> _Exercise details_
Your task is to reproduce the listing exactly, without its images.

> _Exercise data_
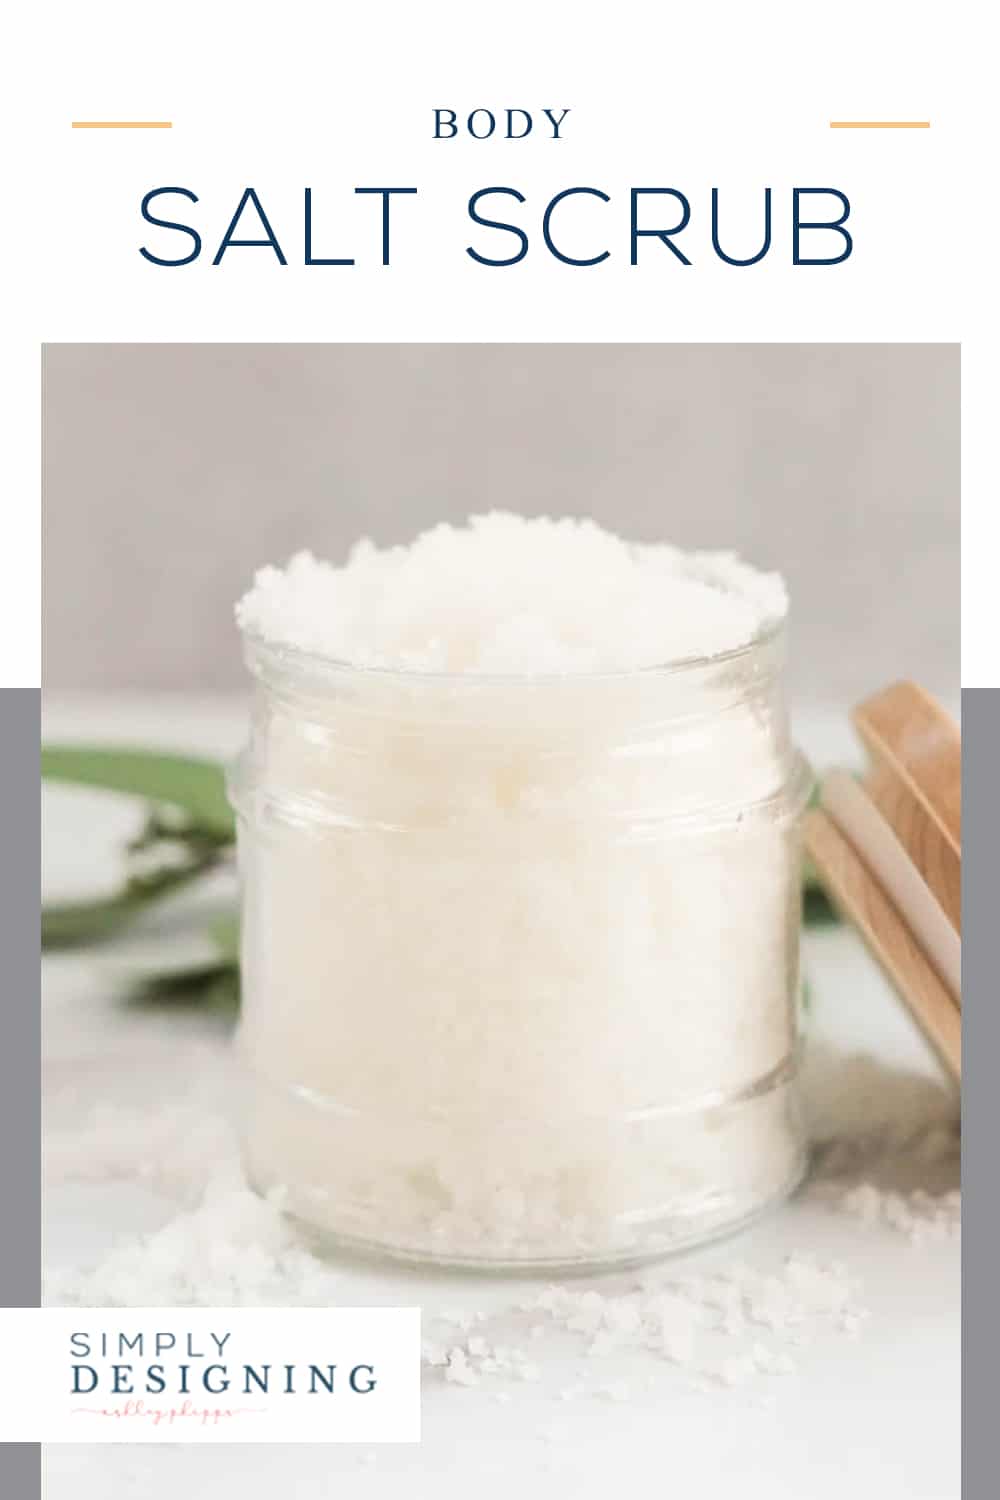 I absolutely love body scrubs and this Salt Scrub with a delicious yet natural smell makes scrubbing and exfoliating so amazing and easy
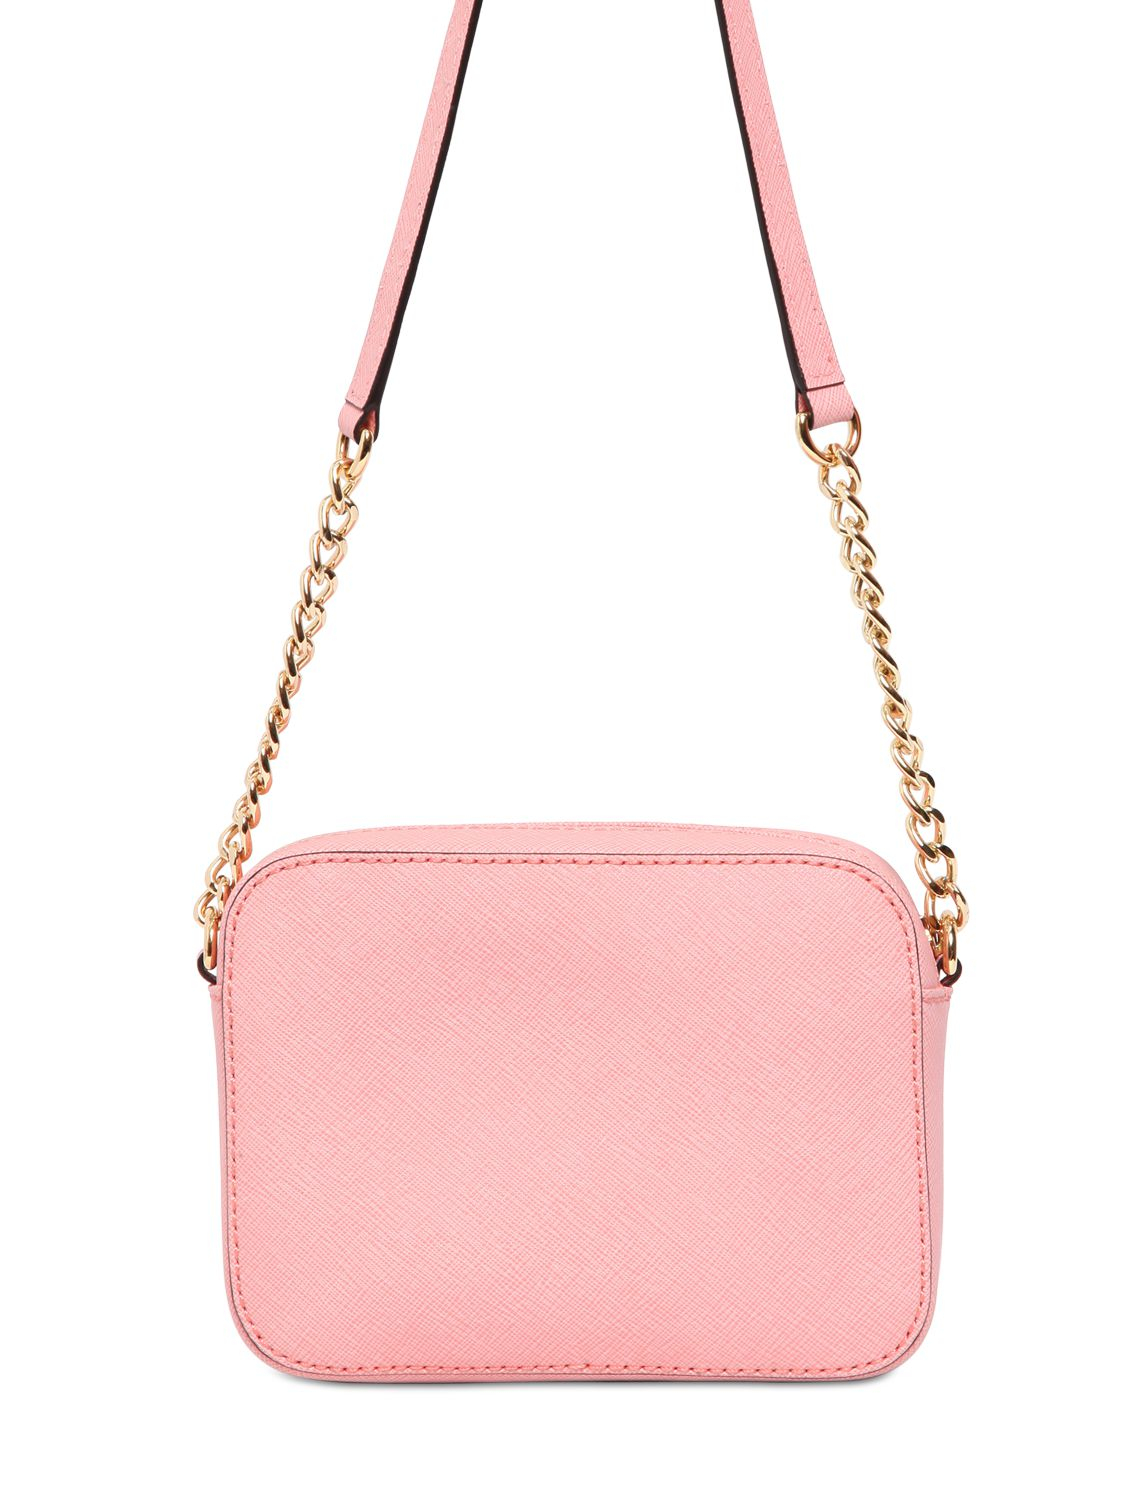 Michael Kors Light Pink Purses | Confederated Tribes of the Umatilla Indian Reservation
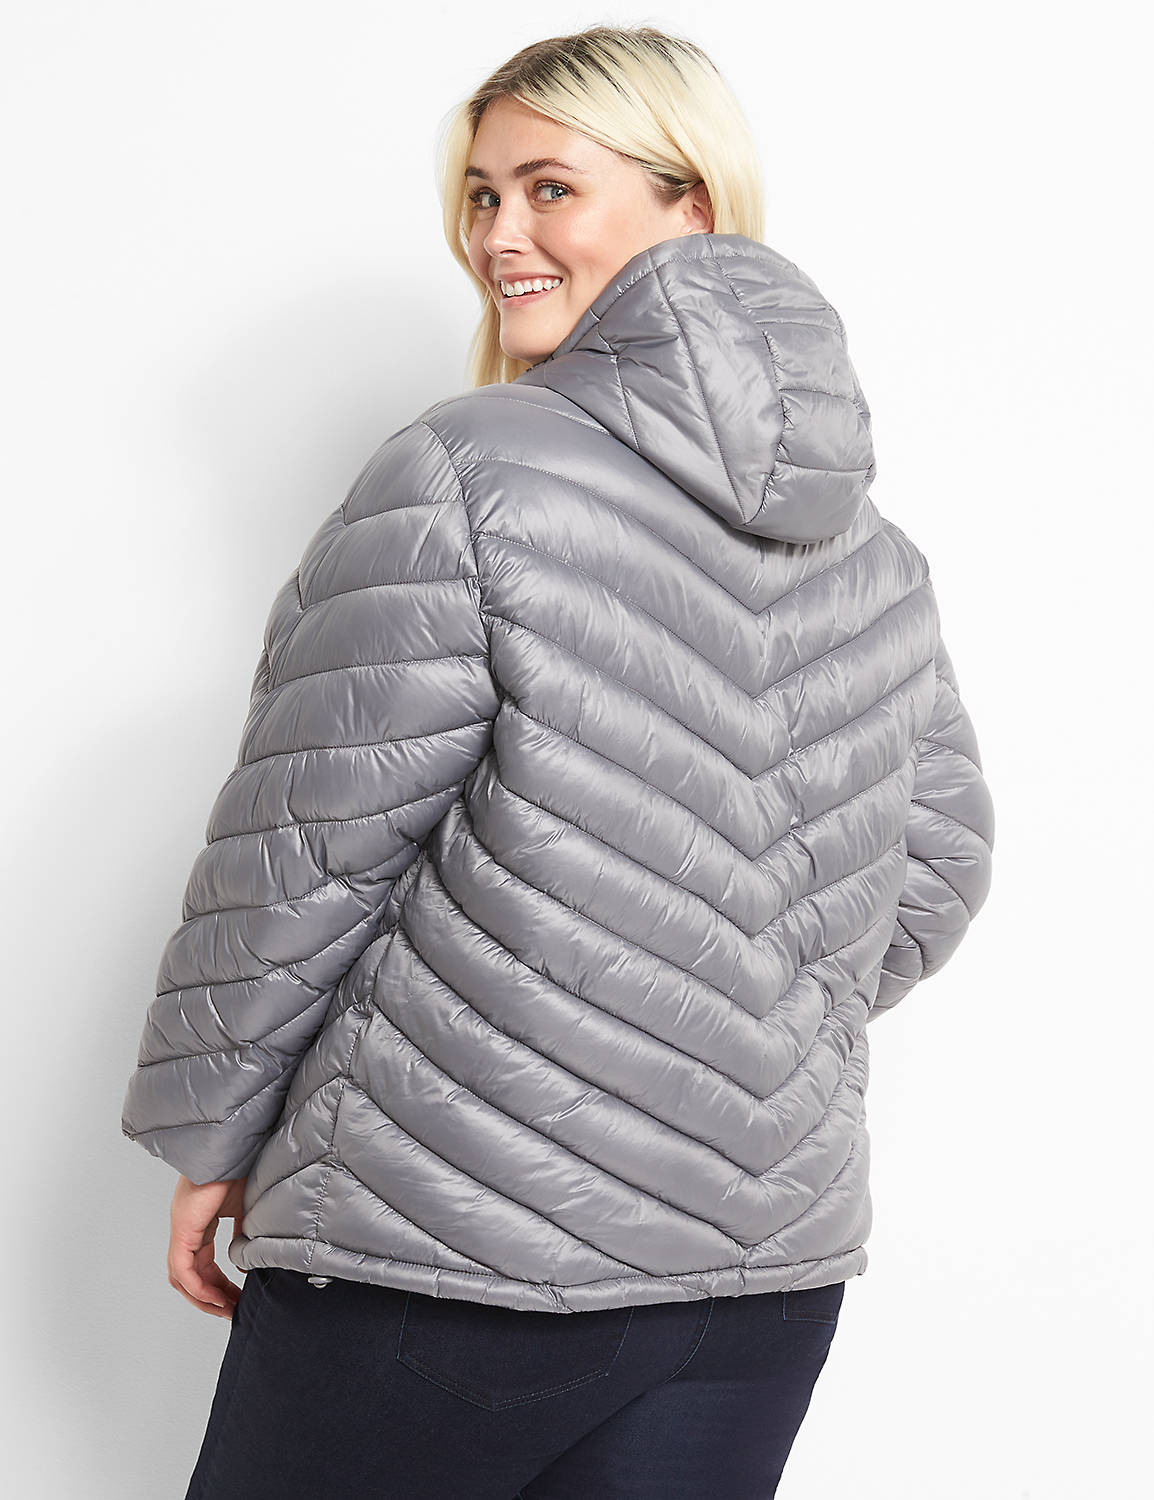 Packable Puffer 1123314 Product Image 2

> _Answer space_
 I absolutely love body scrubs and this Salt Scrub with a delicious yet natural smell makes scrubbing and exfoliating so amazing and easy
 Michael Kors Light Pink Purses | Confederated Tribes of the Umatilla Indian Reservation
 Packable Puffer 1123314 Product Image 2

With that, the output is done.